Add these to the Audit checklist's "Engineering-Sync Readiness" category — they are the failure modes to expect.

- **Variable scope mismatch.** A Variable with `ALL_SCOPES` (the default) shows up in property pickers it doesn't belong in. The export pipeline doesn't know the difference; designers will use the wrong token. Fix: set Scopes explicitly via `figma_execute` after creation. See `token-architecture.md`.
- **Renamed Variable not picked up.** Most exporters key by *name*, not ID. A rename = a delete + recreate from the exporter's view. Mitigation: enforce a `rename → run export → review diff` ritual.
- **Mode added in Figma, not propagated.** The exporter only knows about modes it has seen before. New mode = new branch in the output structure. Often forgotten.
- **Hardcoded fallbacks in CSS.** `color: var(--ui-color-primary, #007070);` — the fallback hex *was* the Figma value six months ago. Now the Figma value is `#0a8080` but the fallback is still `#007070` and silently wins when the Variable is undefined. Fix: drop fallbacks, or enforce a CI check that fallbacks match the resolved Variable value.
- **Aliases flattened in export.** Figma supports `--ui-color-primary → primitive/teal/600`. Some exporters resolve the alias and emit only the leaf value, losing the semantic layer. Fix: emit both or document the choice explicitly.
- **Manual edits to the generated file.** Someone tweaks `tokens.css` directly. Next export overwrites it. Fix: top-of-file banner saying `/* AUTO-GENERATED — do not edit. Source: Figma Variables. */` and a CI check that the file is committed unchanged after a fresh export.

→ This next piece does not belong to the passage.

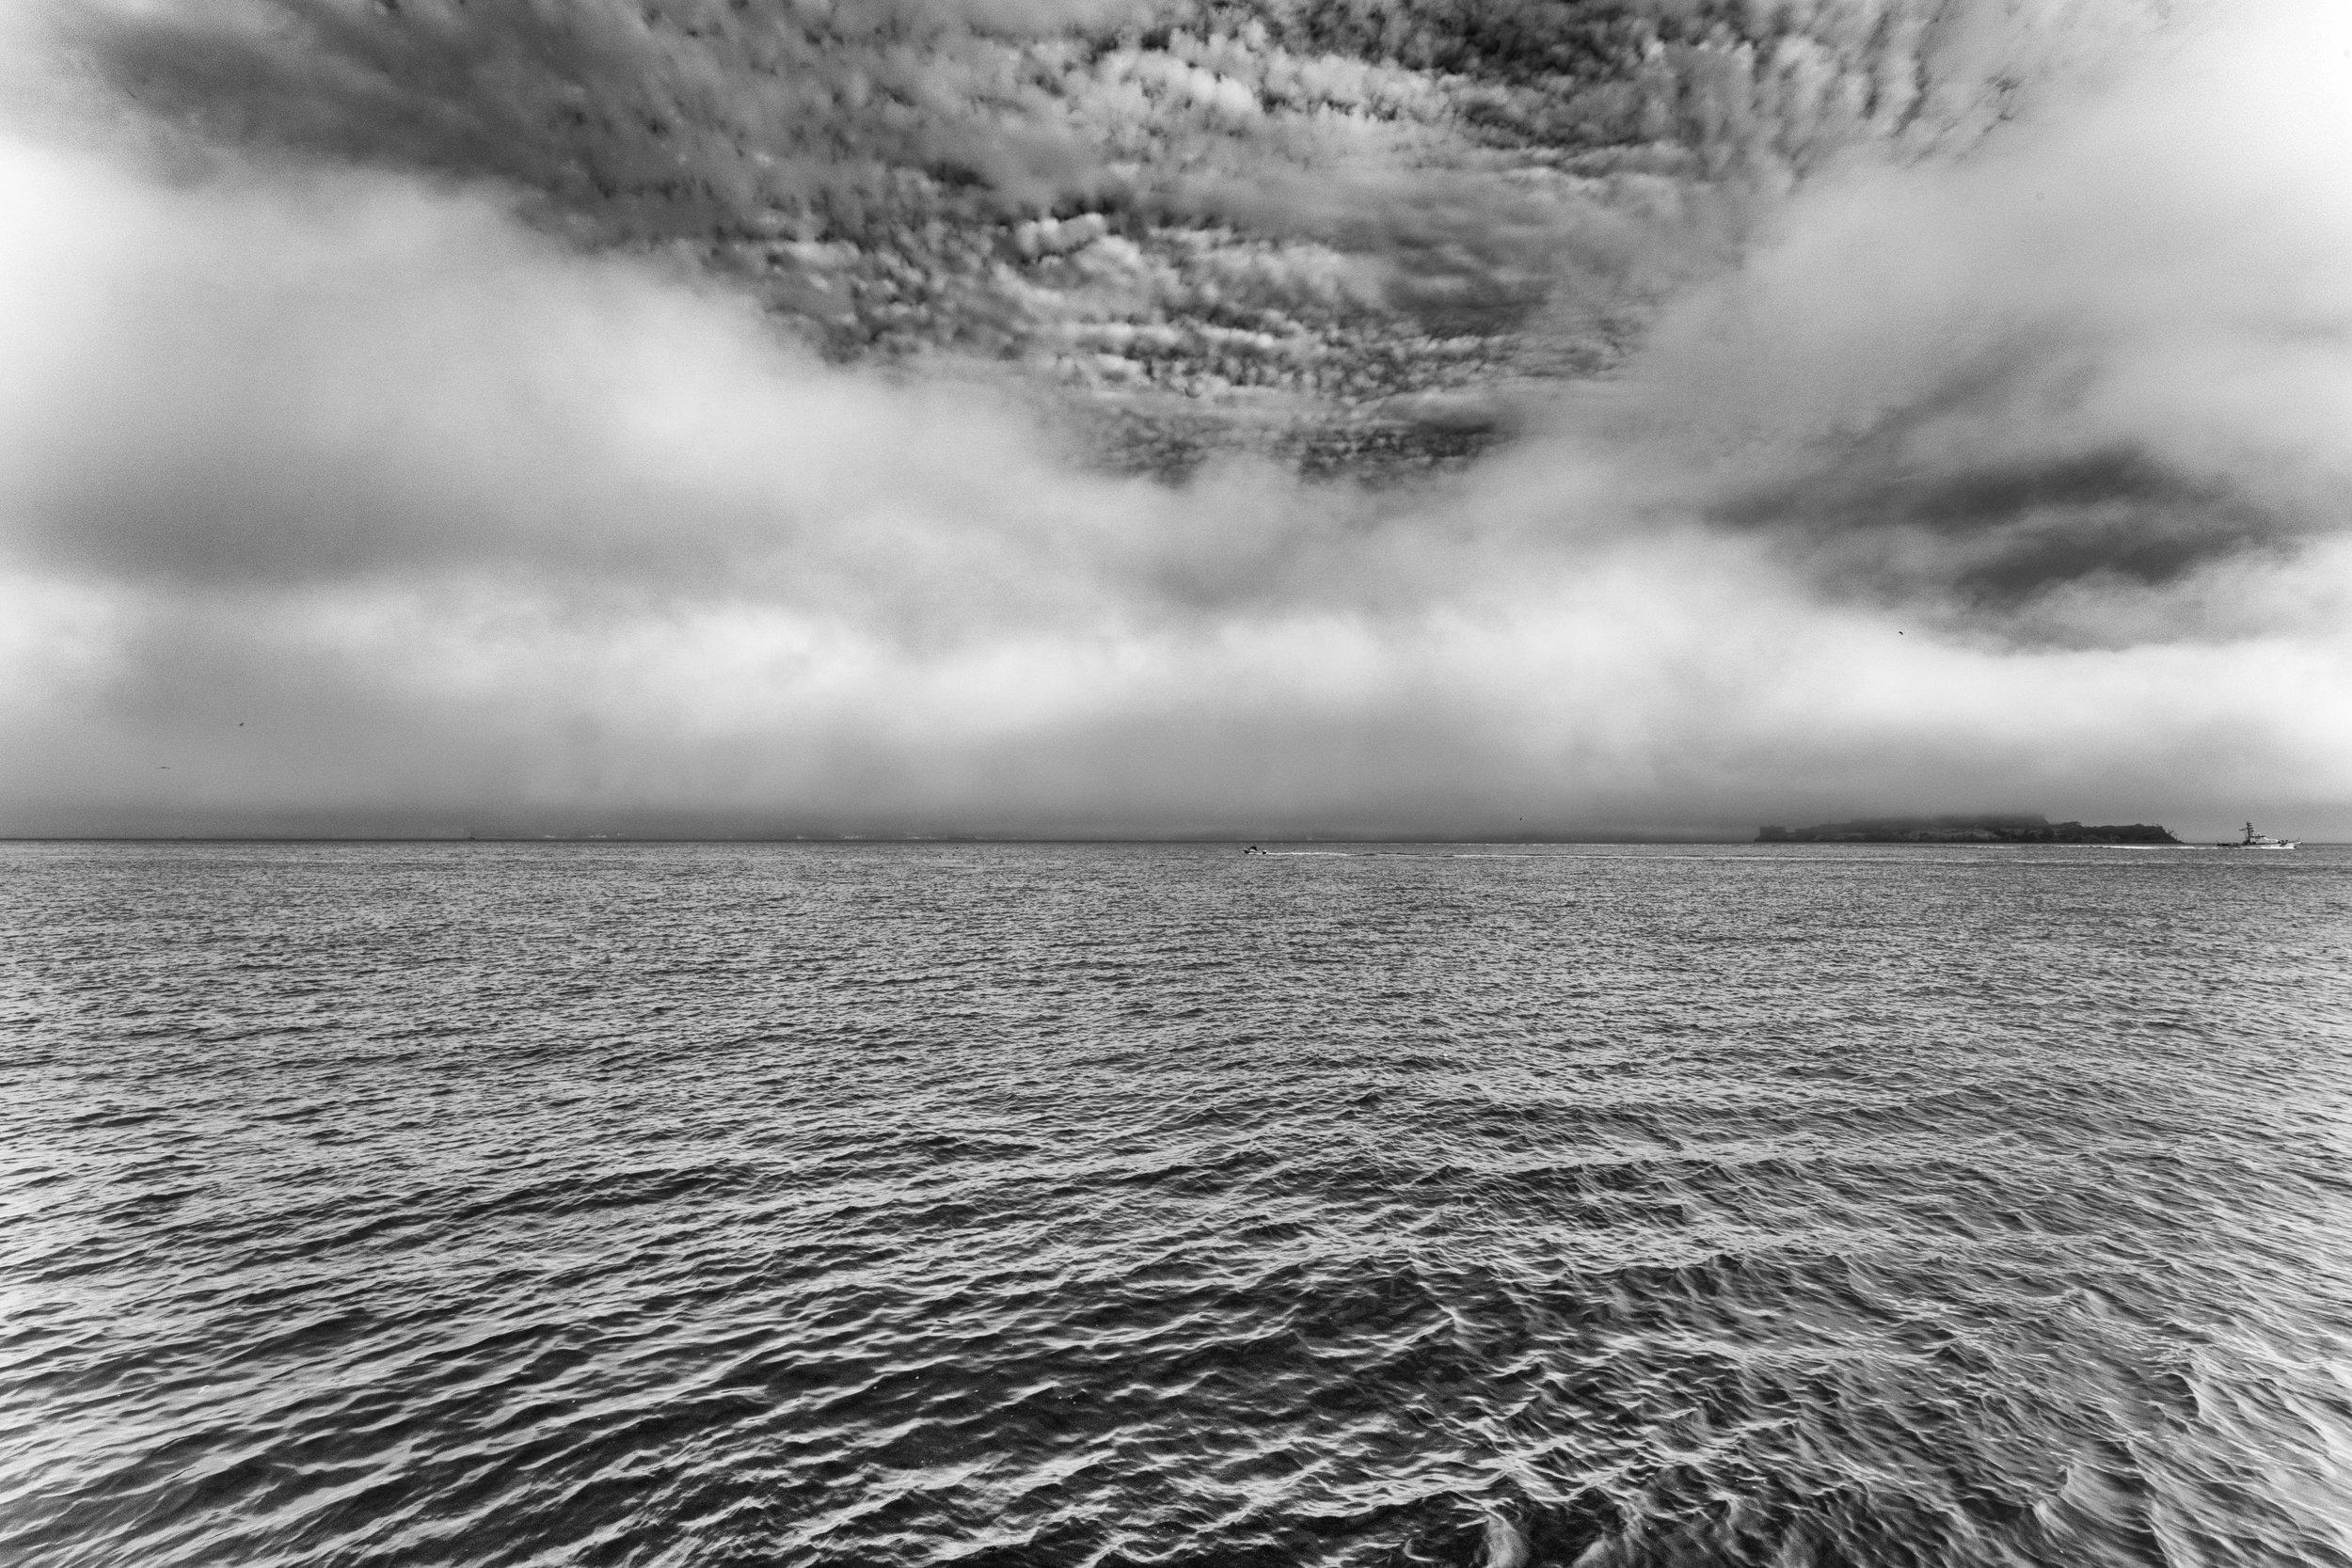 20496930-Johnston_EmergingFromTheFog-Alcatraz_Photography_8x12_150.jpg
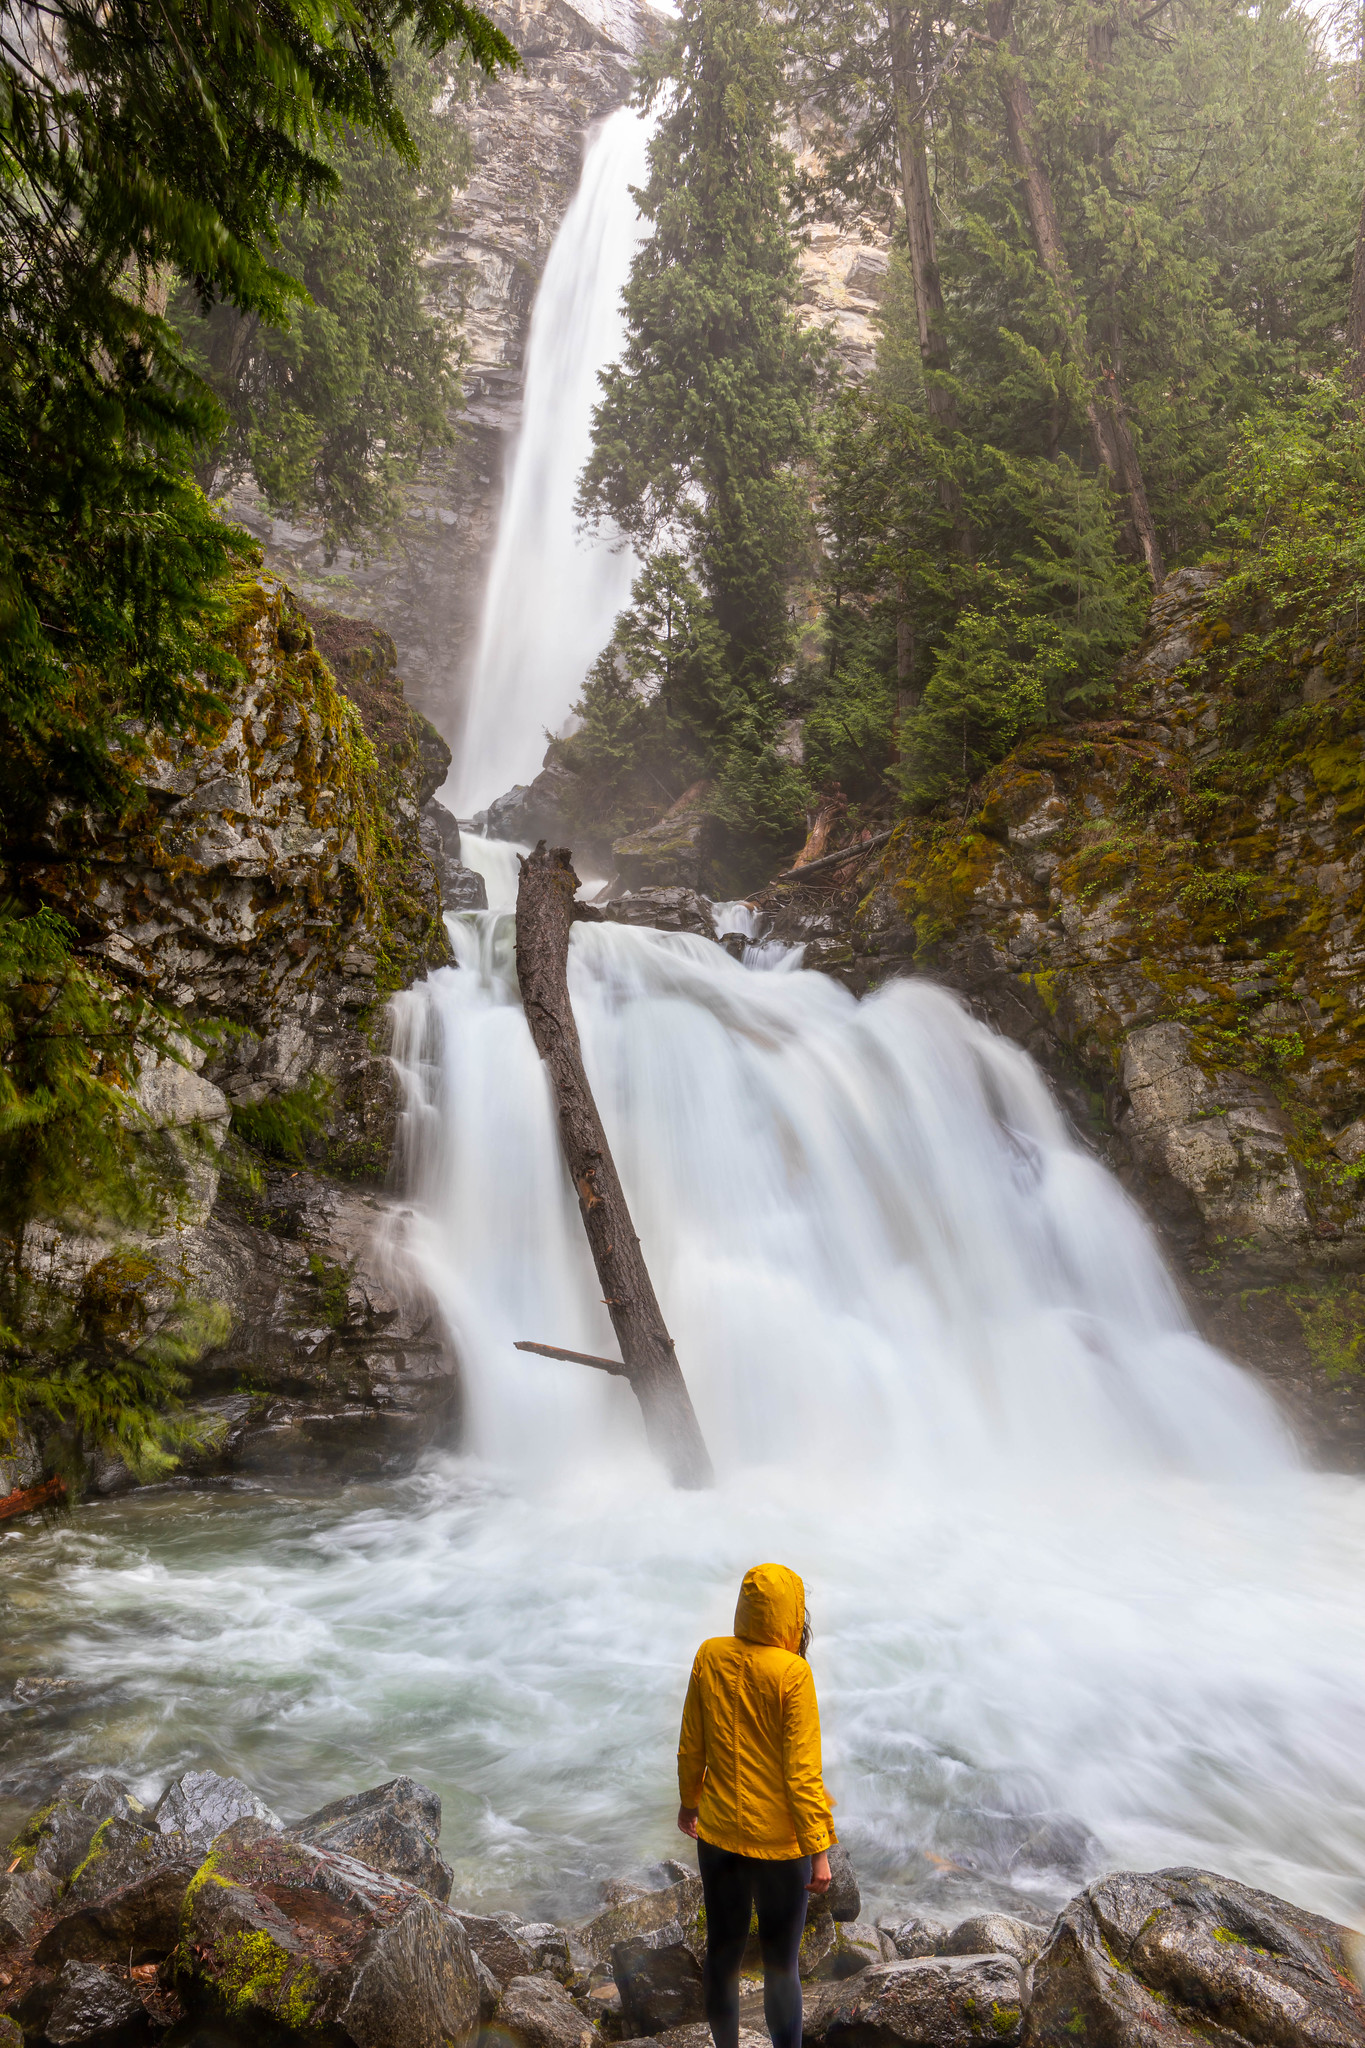 05.26. North Cascades. Stehekin: Rainbow Falls

## Project-level notes for this Atelier UI repo

The Atelier UI workspace currently maintains tokens in two places:

- **Figma:** `Atelier UI` file (key `QMnDD8uZQPldPrlCwZZ58T`) → `UI Tokens` Variable Collection with `Light` and `Dark` modes.
- **Code:** `libs/{angular,react,vue}/src/styles/tokens.css` (one CSS file per framework, currently kept in sync manually). `docs/src/styles/tokens.css` re-imports from the React copy.

State of sync at time of writing: manually maintained. Figma was bootstrapped from the original code-side tokens; ongoing changes happen on whichever side the contributor is in, with PR review as the reconciliation point. This works because the change rate is low (token additions are rare) — but it is the "very small scale" case from §1, and will need formalization the moment that changes.

When that day comes, the recommended path is approach **#4 (custom export via figma-console-mcp)** because:

- The token shape is straightforward (3-tier semantic, two modes, ~140 variables) — Style Dictionary's transformation layer is overkill.
- Three CSS files to write per export, all near-identical (the React copy is the master, Angular/Vue mirror it). A 50-LOC script handles this.
- A CI check that runs the export and fails on drift fits the existing `tools/scripts/check-*.js` family naturally.

Until then: any token change must update Figma + all three `tokens.css` files explicitly, and the PR description should call out which side was the source.